Advanced Speech SDK Controls
  • 07 Jun 2024
  • 5 Minutes to read
  • Contributors
  • Dark
    Light

Advanced Speech SDK Controls

  • Dark
    Light

Article summary

Advanced Controls

The Vuzix Speech Recognition engine has advanced controls described here. These have been expanded since the initial SDK was released. All features here require the Vuzix Speech SDK version 1.4, and M300 or M300XL running version 1.3 or higher.

Enabling and Disabling Speech Recognition

The Vuzix Speech SDK will listen for the trigger phrase "Hello Vuzix" whenever Vuzix Speech Recognition is enabled in the Settings menu. When Speech Recognition is disabled, the microphone icon in the notification bar is grayed-out. When Speech Recognition is enabled, the microphone icon becomes outlined.

The speech recognizer has global commands, such as "go home" and "flashlight on" that are processed in any application. The recognizer also supports custom vocabulary that is processed by each individual application.

It is possible for an application to rely on custom voice commands to perform essential tasks. In this scenario, it would be an unwanted burden to require the user to navigate to the system Settings menu. Instead the Vuzix Speech Recognition may be programatically enabled from within an application.

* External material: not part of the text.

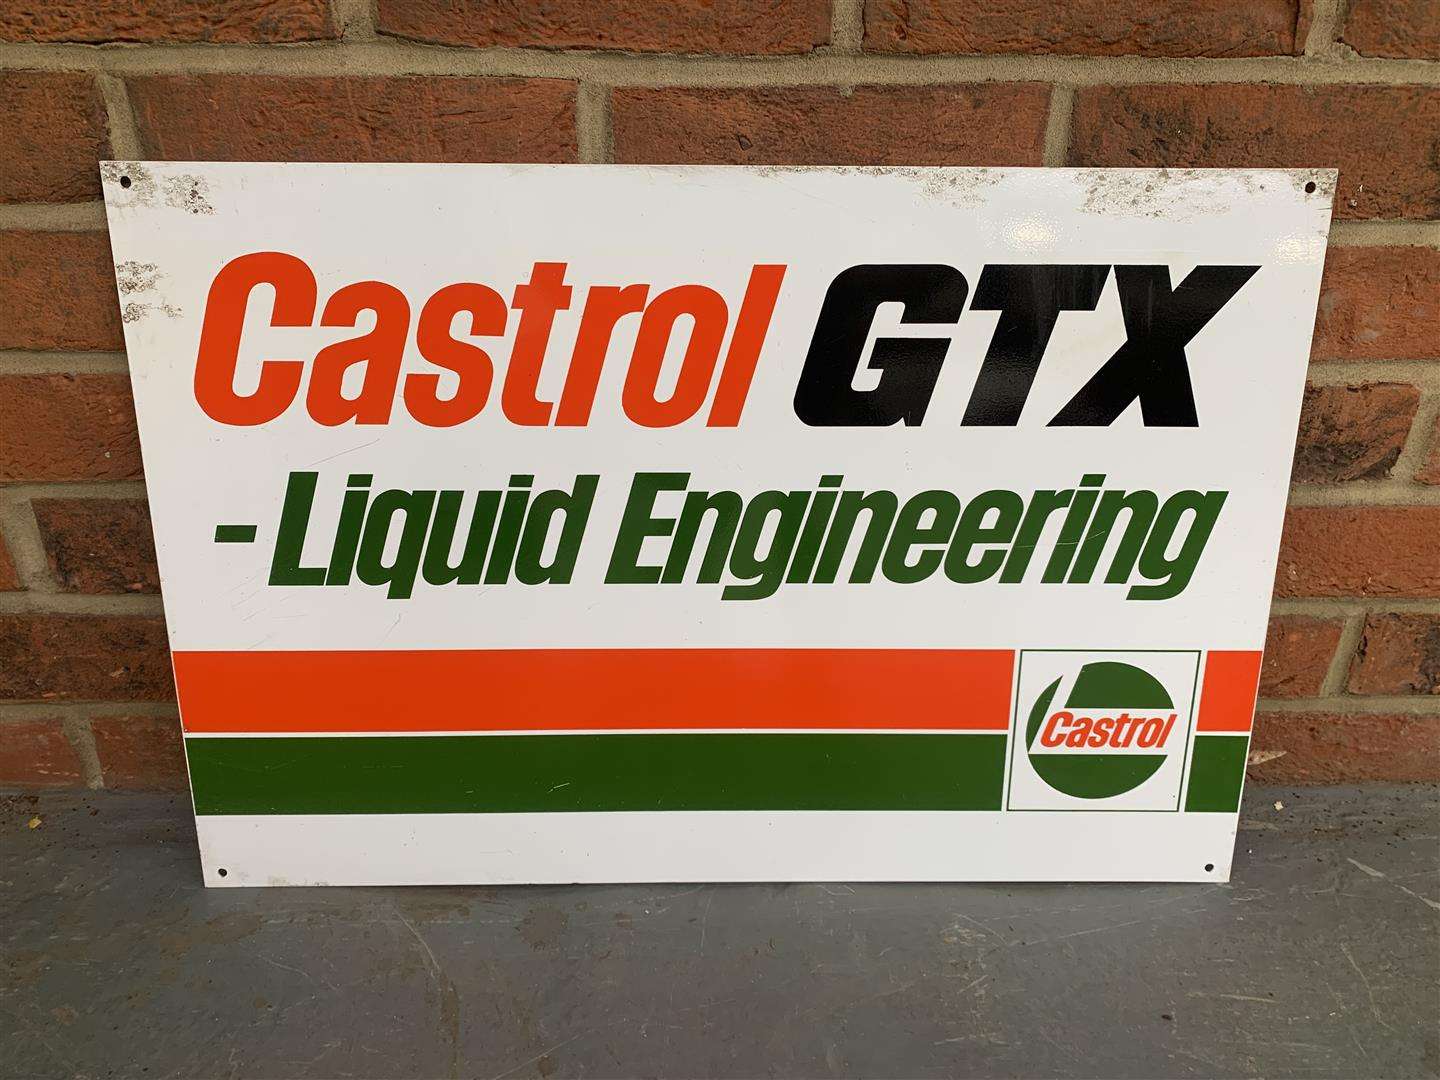 <p>Aluminium Castrol GTX Liquid Engineering Sign</p>

import com.vuzix.sdk.speechrecognitionservice.VuzixSpeechClient;
try {
	VuzixSpeechClient.EnableRecognizer(getApplicationContext(), true);
}
catch(NoClassDefFoundError e) {
	// This device does not implement the Vuzix Speech SDK
	// todo: Implelment error recovery
}

This method is static. Passing the the optional context parameter allows the proper user permissions to be applied, and is recommended for robustness.

The recognizer may be similarly disabled via code during times when false detection would impair the application behavior.

VuzixSpeechClient.EnableRecognizer(getApplicationContext(), false);

Once Vuzix Speech Recognition is disabled, the notification bar icon is grayed-out, and the phrase "Hello Vuzix" will no longer trigger speech recognition.

It is safe to set the Speech Recognition to the existing state, so there is no need to query the state before enabling or disabling Vuzix Speech Recognition. Simply specify the desired state. However, if you want to display the current enabled/disabled state you can query it using isRecognizerEnabled(). This value is not changed by the system while your application is active so the appropriate place for this query is your activity onResume().

bool mSpeechEnabled; 
@Override protected void onResume() {
	super.onResume();
	mSpeechEnabled = VuzixSpeechClient.isRecognizerEnabled(this);
	// todo: update status to user showing state of mSpeechEnabled
}

Triggering the Speech Recognizer

When Speech Recognition is enabled, the recognizer remains in a low-power mode listening only for the trigger phrase, "Hello Vuzix". Once this is heard, the recognizer wakes and becomes active. This state is indicated by the microphone icon in the notification bar becoming fully filled. While active, all audio data is scanned for known phrases.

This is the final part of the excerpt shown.